• [Directions for this task]: Only the lines from the "Women's Oversized Sweatshirt" line through the last line of the material below belong in the answer, reproduced exactly and with no pictures.

• [Collected material]:
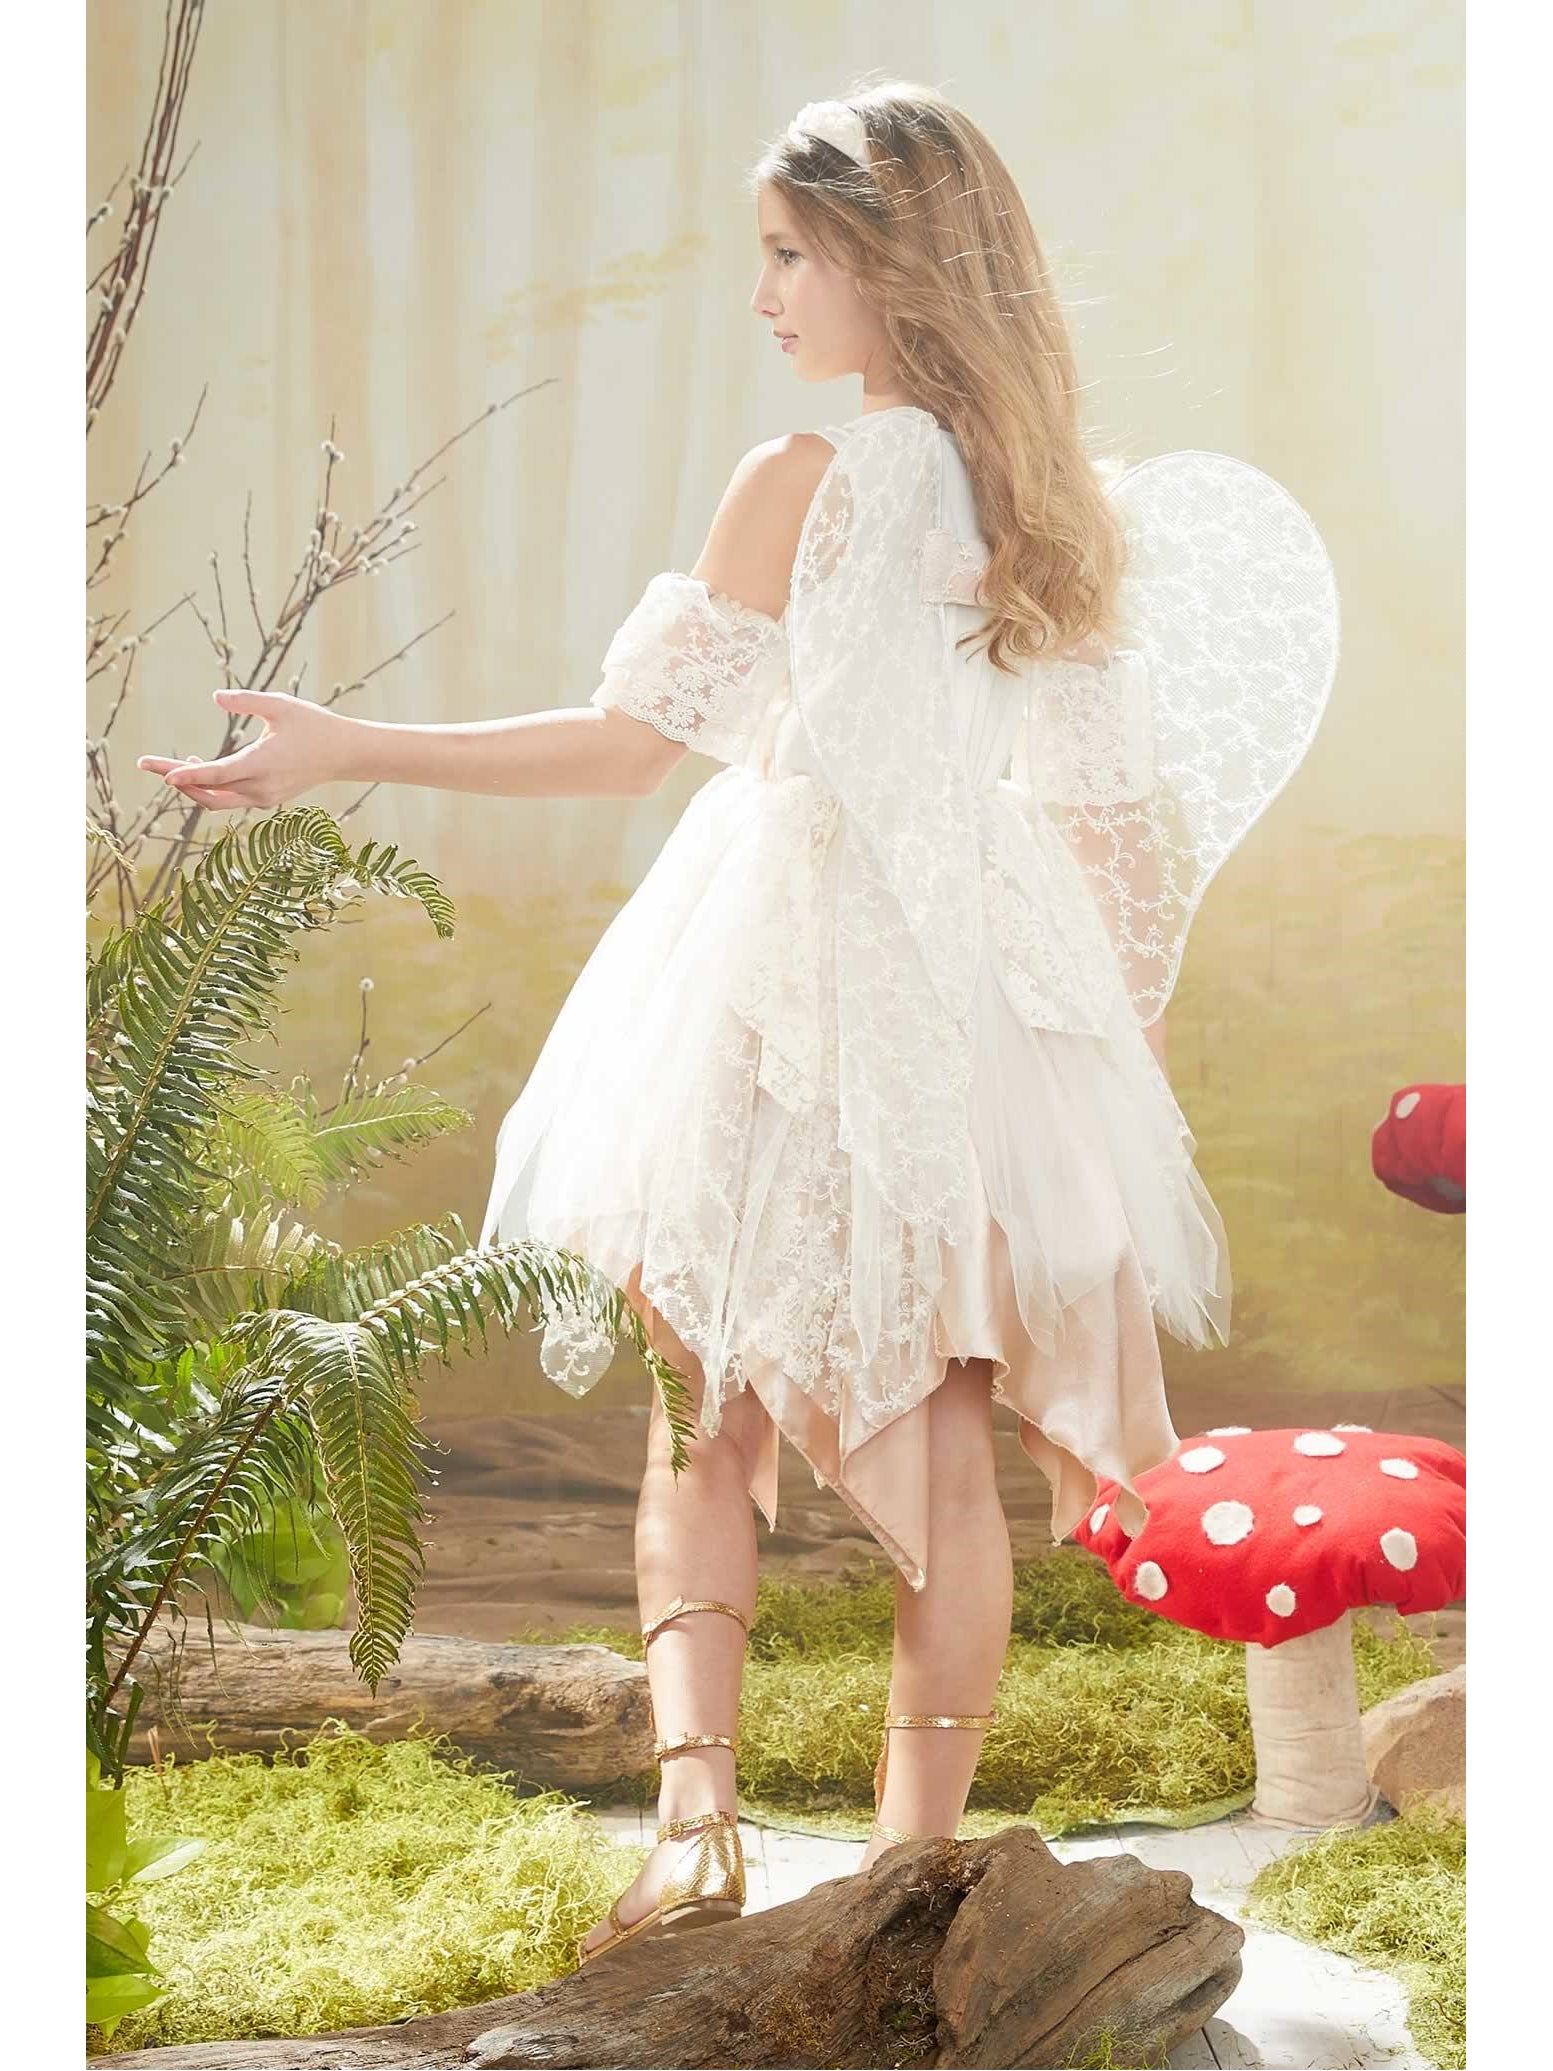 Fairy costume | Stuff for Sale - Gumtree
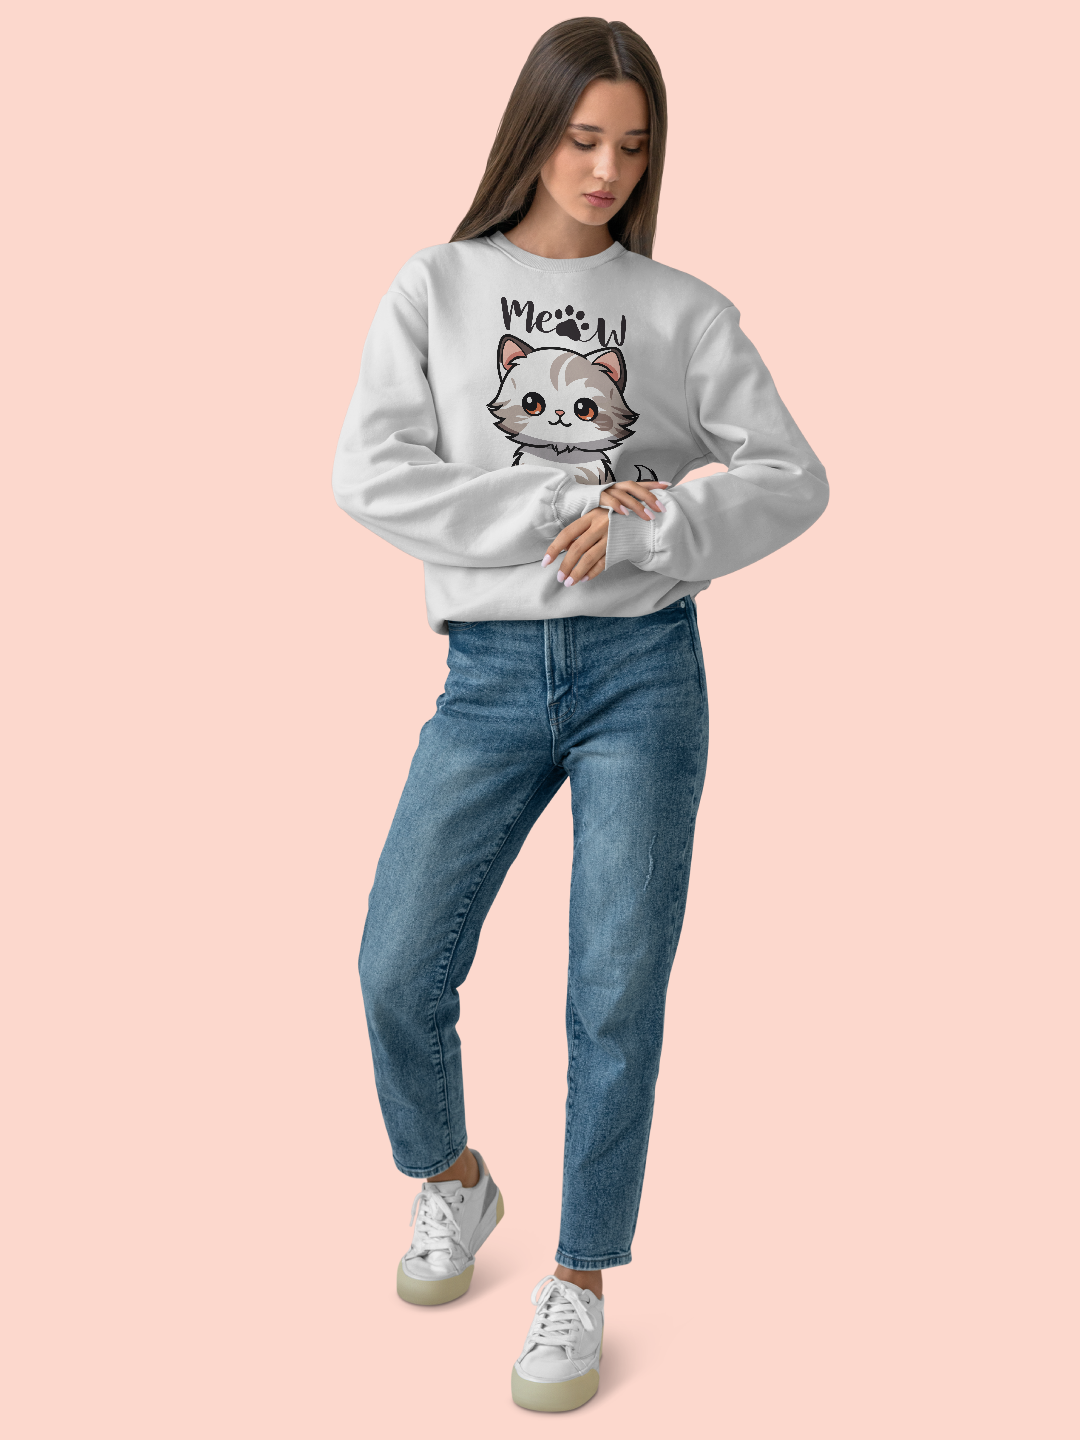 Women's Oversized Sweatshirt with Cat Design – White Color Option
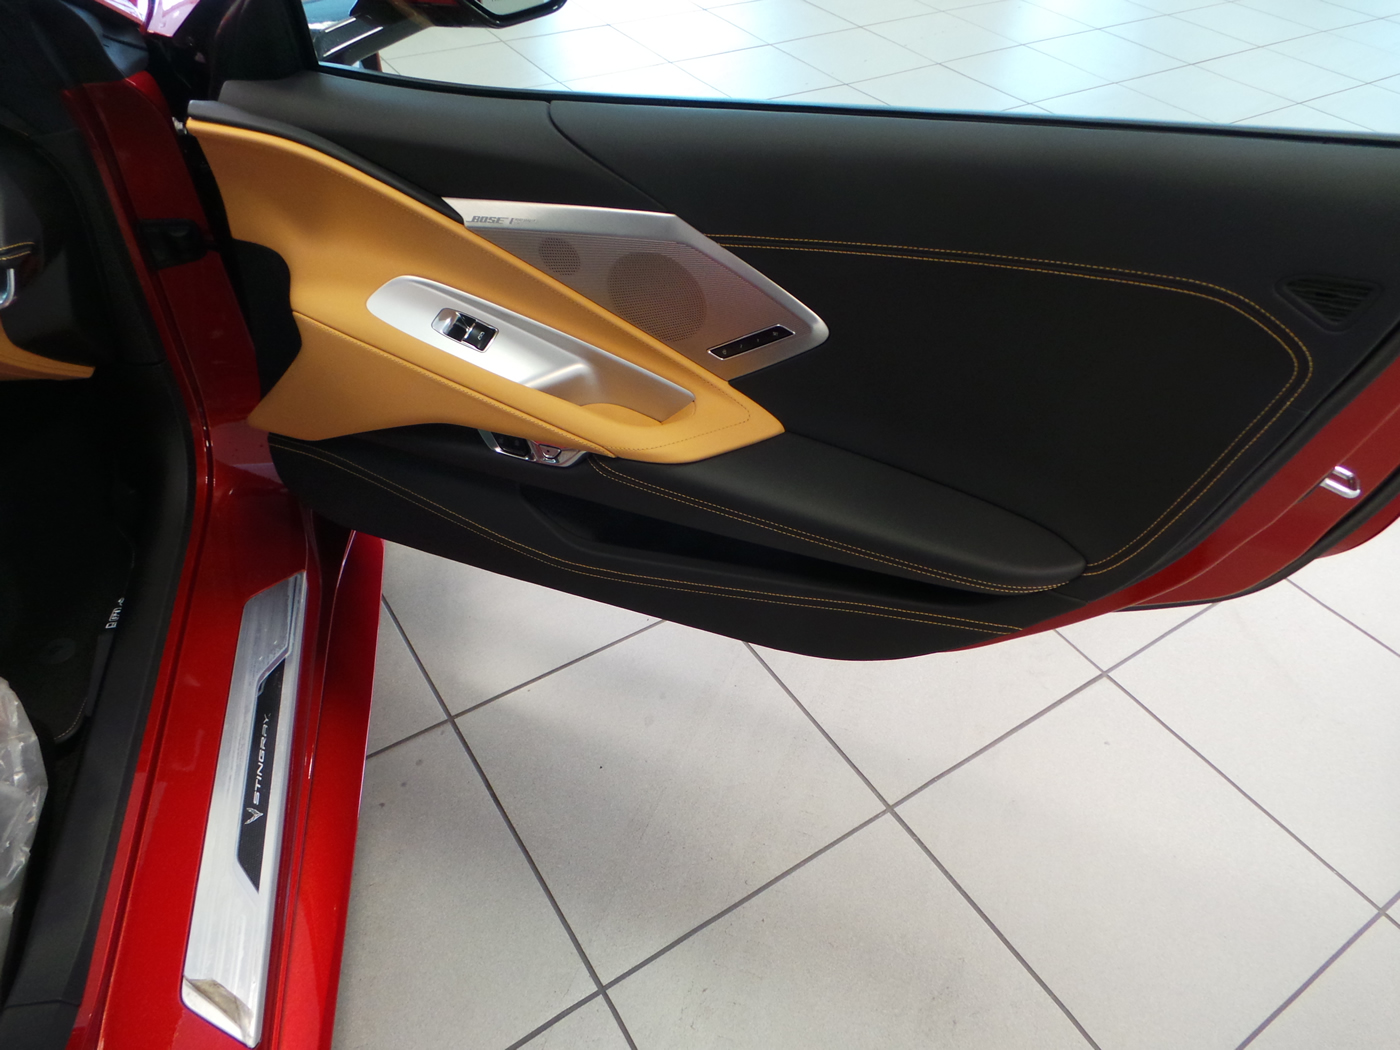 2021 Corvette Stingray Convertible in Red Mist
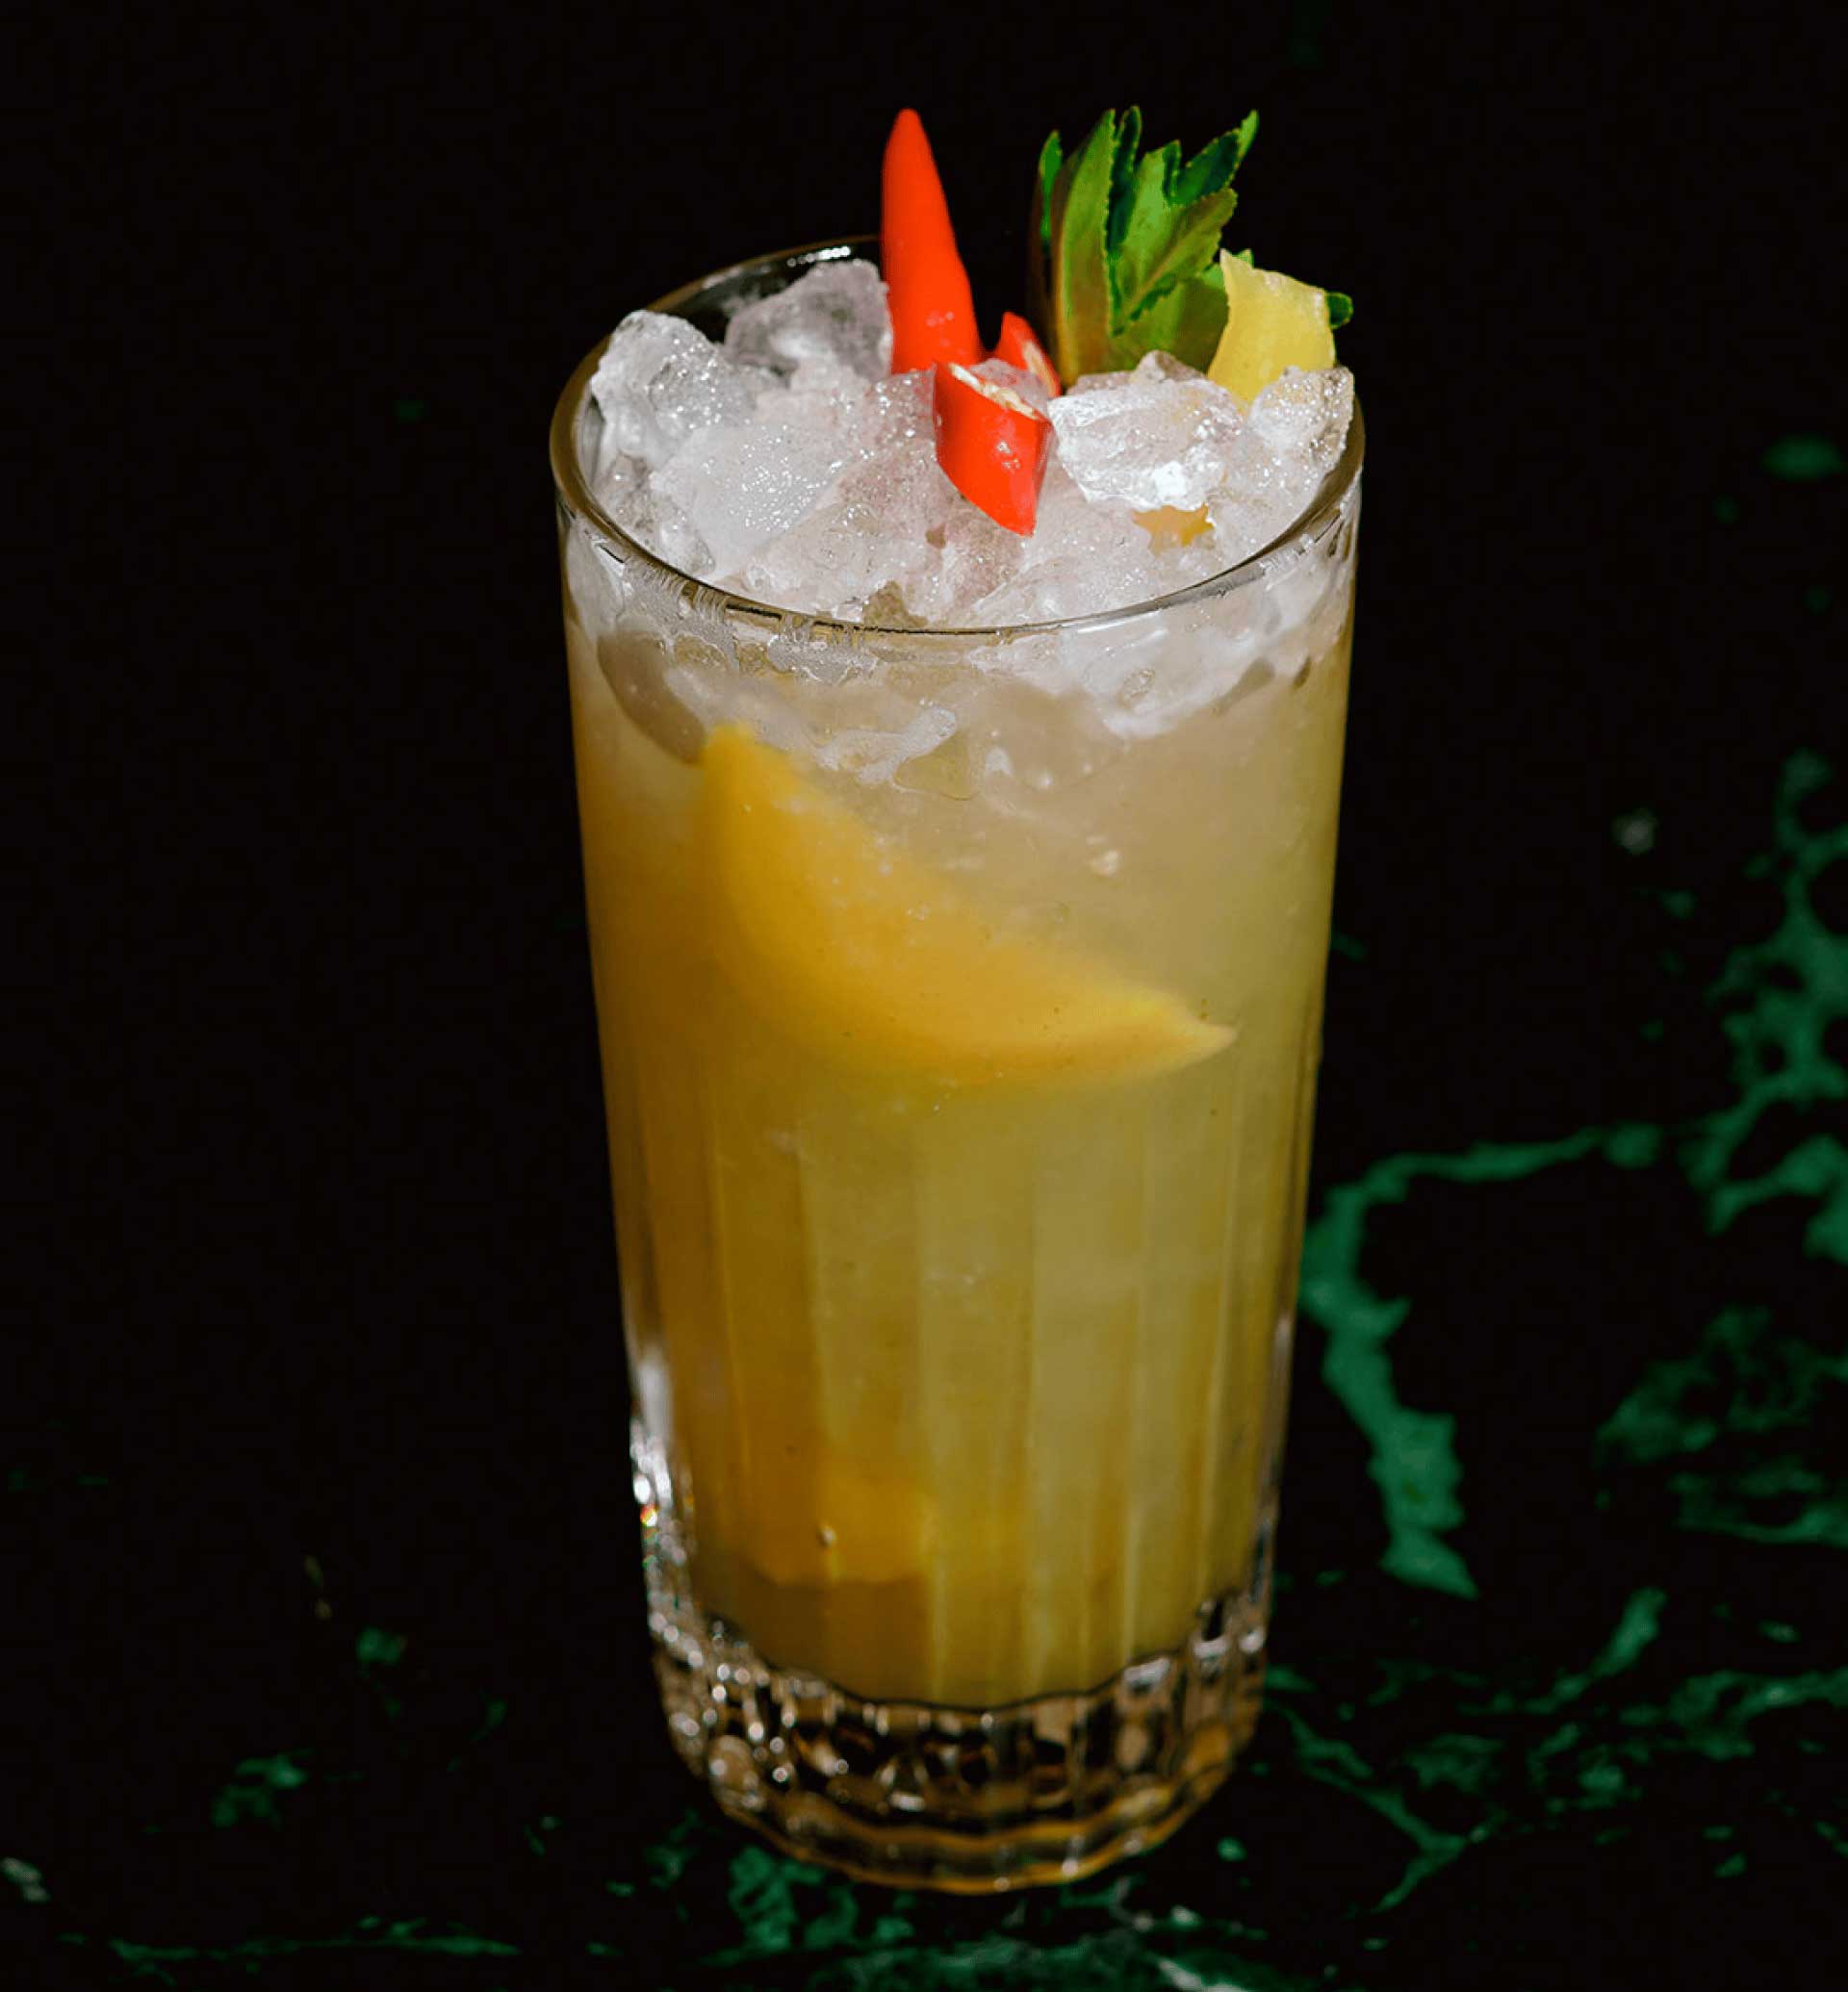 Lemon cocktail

• [Task result]:
 Women's Oversized Sweatshirt with Cat Design – White Color Option
 2021 Corvette Stingray Convertible in Red Mist
 Lemon cocktail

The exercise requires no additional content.